Ortak açıklamayı okuyan SES Okmeydanı Eğitim ve Araştırma Hastane Temsilcisi Nilgün Şeşen Öncül, uzun zamandır “can güvenliği olmadan sağlık hizmeti sunulamaz” dediklerini belirterek sağlıkta şiddeti doğuran sebepleri ortadan kaldırmaya dönük talepleri yineledi. Öncül, “Sağlık alanını yap-boz tahtasına çeviren Sağlıkta Dönüşüm Programı sağlık alanını ticarileştirmiş, vatandaşı müşteri, hastaneleri kar-zarar mantığıyla yönetilen kurumlar haline getirmiş, iplik iplik dökülen bir sağlık ortamı içinde sağlık çalışanları her tür olumsuzluğun sebebi olarak görülen hedef tahtalarına dönüştürülmüştür” dedi.

“Günde 31 sağlık çalışanı şiddete maruz kalıyor”

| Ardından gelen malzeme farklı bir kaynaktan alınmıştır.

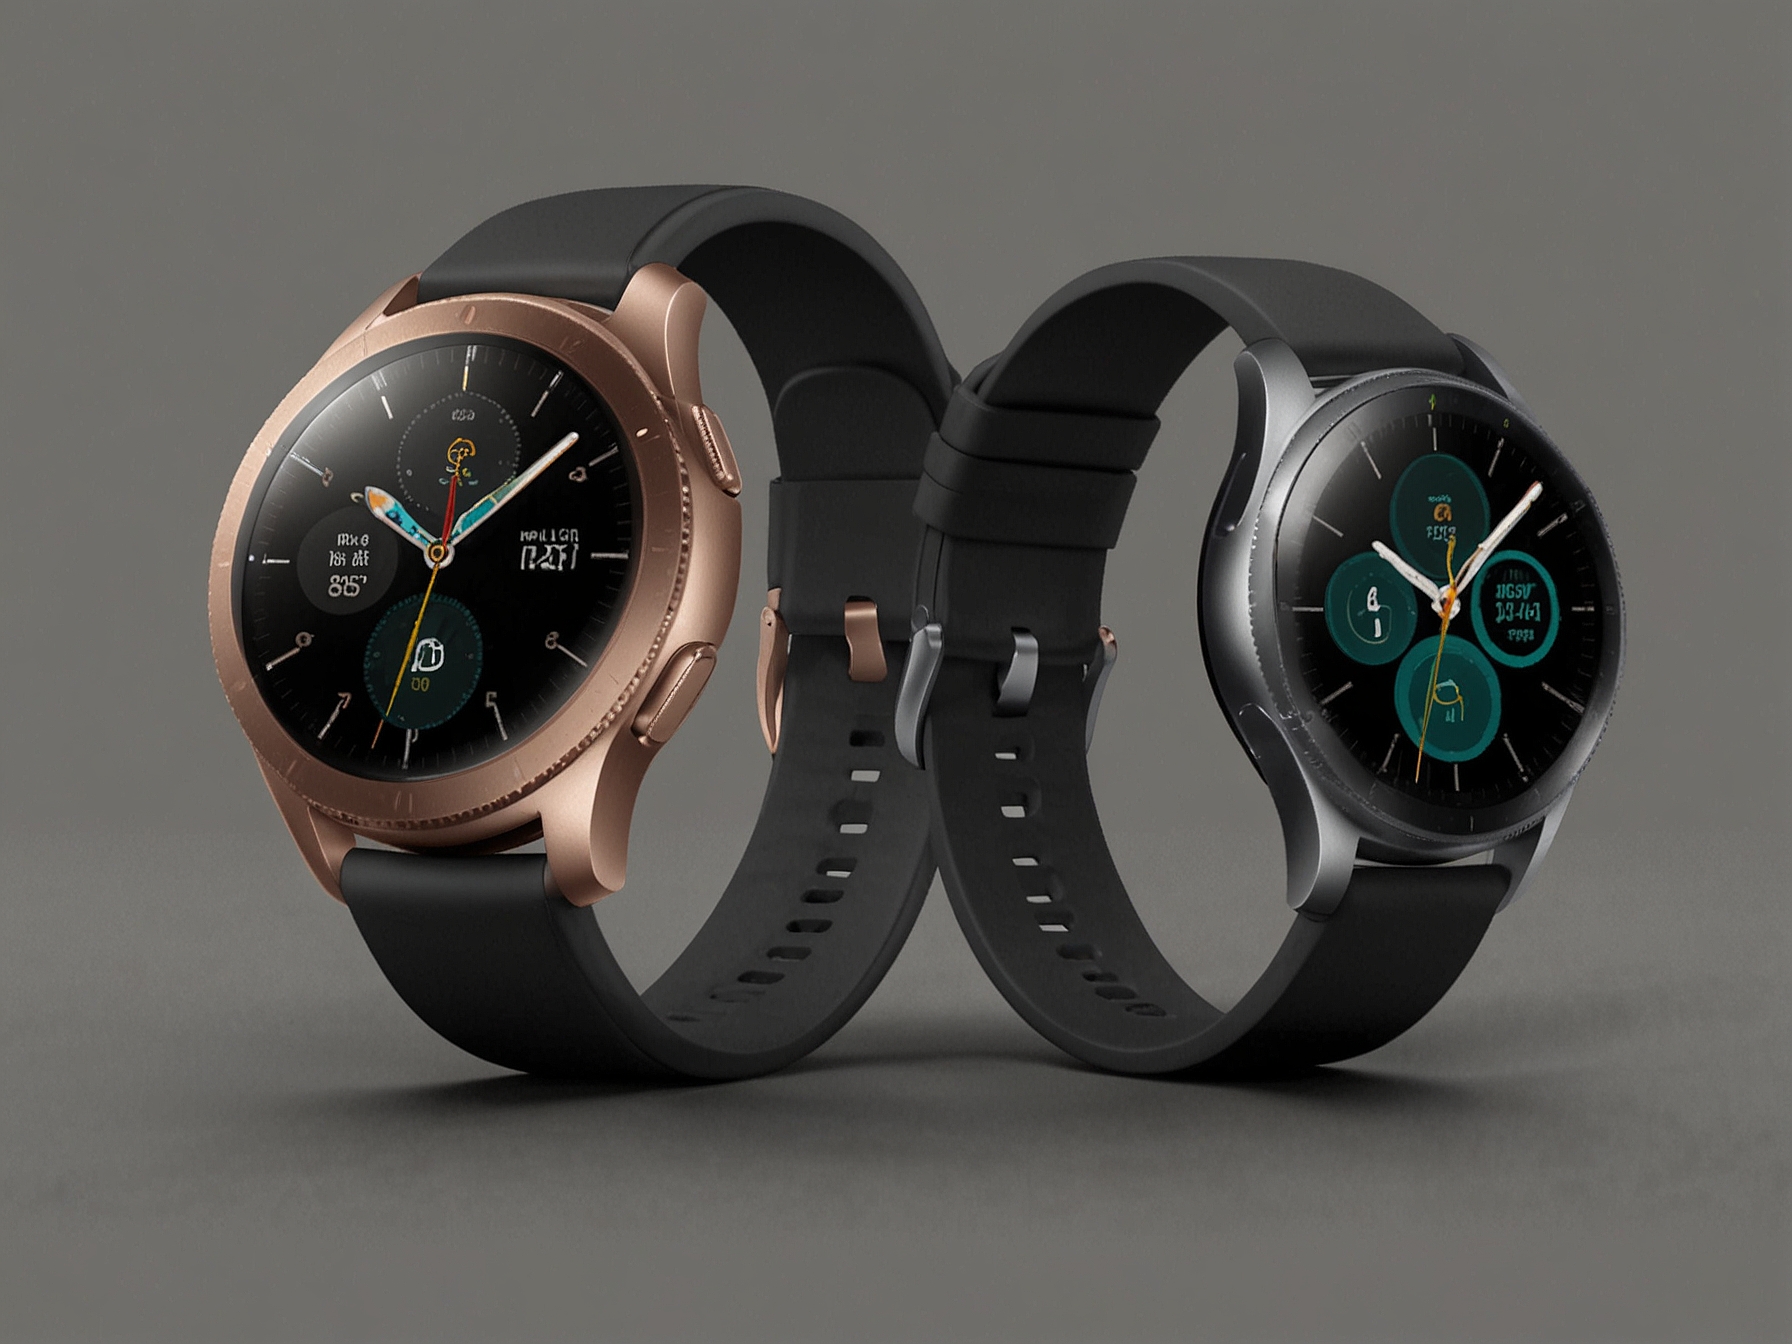 An image showcasing the new Galaxy Watch 7 with its sleek, modern design and interchangeable bands. The display highlights improved performance metrics made possible by the advanced 3nm chip.

Sağlıkta Dönüşüm Programı ile sağlık çalışanlarının güvenliğinin gözardı edildiğini söyleyen Öncül, resmi verilere göre Türkiye’de her gün 31 sağlık çalışanının şiddete maruz kaldığını şunları söyleyerek aktardı:

Bakabileceğinin çok üstünde hasta muayene eden, tutabileceğinden daha fazla nöbet tutmak zorunda kalan, her türlü olumsuz şartlarda görev yapmaya çalışan, gece gündüz demeden fedakarca mesleğini icra etmeye çalışan sağlık çalışanlarının sebep ne olursa olsun sözlü ve fiziksel şiddete maruz kalmasını kesinlikle kabul etmiyoruz. Türk Tabipleri Birliği’nce hazırlanan ve Türk Ceza Kanunu’na bu konu ile ilgili bir madde eklenmesini içeren ‘Sağlıkta Şiddet Yasa Tasarısı’nın bir an önce yasalaşması talebimizi yineliyor, yetkilileri bir an önce akılcı, yapısal adımlar atmaya davet ediyoruz. Sağlık ortamını para kazanılan hizmet sektörüne dönüştürenler, sağlık çalışanlarını iş güvencesinden yoksun, güvenliksiz ortamlarda, performansa dayalı, gece gündüz demeden çalıştırıp her türlü şiddete maruz bırakanlar, artık bu politikalarından vazgeçmelidir.